Grief and exam results day
Whether exam results are a cause for celebration, disappointment, or mixed feelings, grief can complicate everything.
Exam results day is a huge milestone in a young person’s life.
Getting important exam results is a time where emotions are high and the pressure can feel intense. For teens who are also grieving, this moment can feel even more overwhelming, especially following a stressful exam period.
Whether the results are a cause for celebration, disappointment, or mixed feelings, grief can complicate everything.
As a parent or caregiver, you may be navigating your own grief while trying to support a young person through theirs. And if you are a teen reading this, know that you’re not alone and your feelings are valid.
Why exam results day feels difficult when you are grieving
Exams are already stressful. Revision, deadlines, and the pressure to do well can take a toll on mental health. For grieving young people, the pressure is even heavier. You may have been trying to focus on schoolwork while dealing with intense emotions, exhaustion, or the absence of someone you love. Even if you did well, you might feel numb or like the achievement doesn’t matter as much anymore. And if things didn’t go as planned, grief can make disappointment feel even harder to cope with.

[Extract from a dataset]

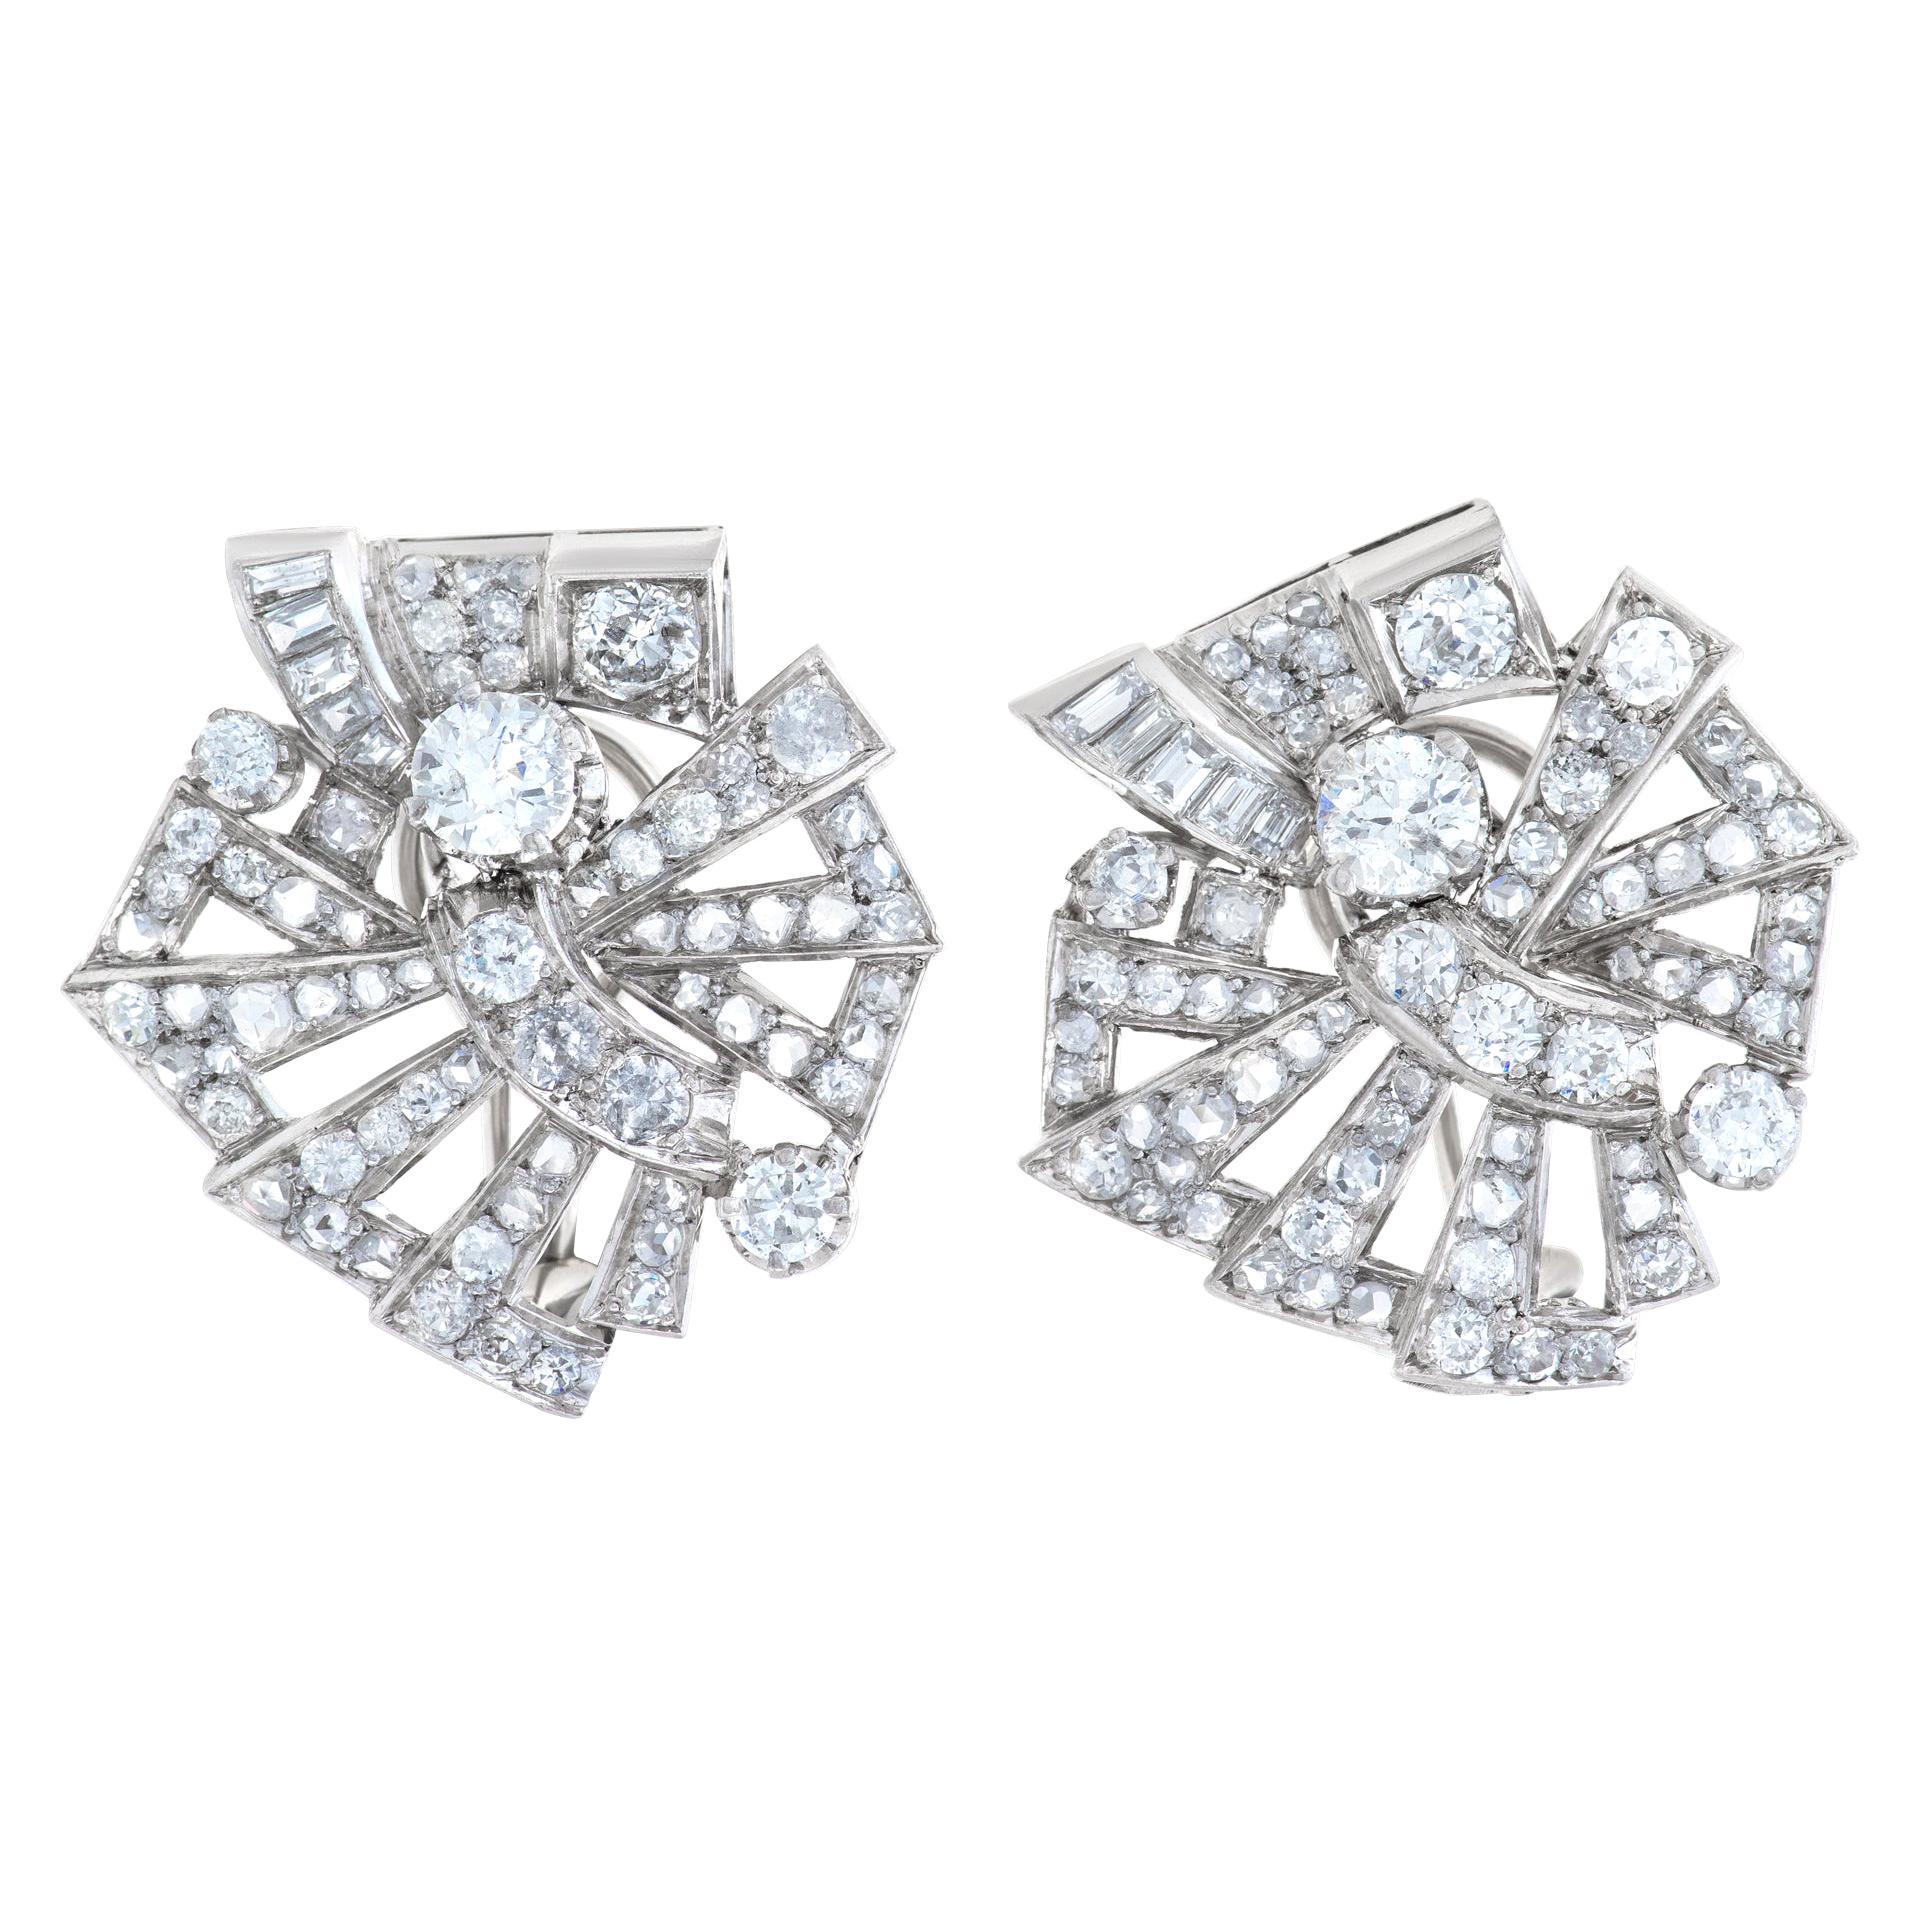 Art Deco Diamond Earrings in Platinum

Results day isn’t just about the grades. It’s a rite of passage. It can be the start of big life changes – entering adulthood, college, work, preparing to leave home or new experiences. Many young people imagine sharing this day with someone special. There are many rites of passage in a person’s life that can feel especially painful without a certain person there. There might be a deep sense of loss, even if everything else has gone “well” and a feeling that the day is incomplete. These feelings are normal. It’s not just about missing a person but it’s about missing the future you thought you’d share with them.
The emotions a young person feels around results won’t just be for one day. The period before results day, including revision, exams and the wait can feel more intense for a young person who is grieving. Following A-Level results, some people choose to decide to leave home and go to university or work away. This can bring with it lots of challenges and emotions, including feeling more vulnerable or guilty at leaving someone behind.
Tips for young people coping with grief on results day
- Let yourself feel whatever comes up – joy, sadness, anger, relief, or even nothing at all. There’s no “right” way to feel.
- Create your own ritual or tribute – light a candle or write them a letter to help you feel close to them.
- Talk about them – It’s OK to say, “I wish they were here.”
- Ask for support – speak to someone you trust or find out if your school offers support.
- Take it slow – don’t feel pressure to make big decisions right away
Tips for parents supporting a young person with grief on results day
- Acknowledge the person who’s missing – A simple, “I know they’d be so proud of you” can mean the world.
- Be present and patient – Grief can show up as anger, withdrawal, or sudden tears. Try to meet these reactions with understanding, not correction.
- Celebrate or not – Some teens might want to mark the day quietly. Others may want a small celebration. Let them lead the way.
- Avoid piling on the pressure – Encourage them with support but don’t push them to make immediate decisions.
- Look after yourself – Supporting a grieving teen is hard, especially if you’re grieving too.
Remember: grief and growth can co-exist. A young person’s future still matters, even if someone important is not here to see it. A teen who is grieving is navigating something difficult, at a time that is already full of changes. Exam results day can feel heavy, and it is OK to cry, smile or simply get through it.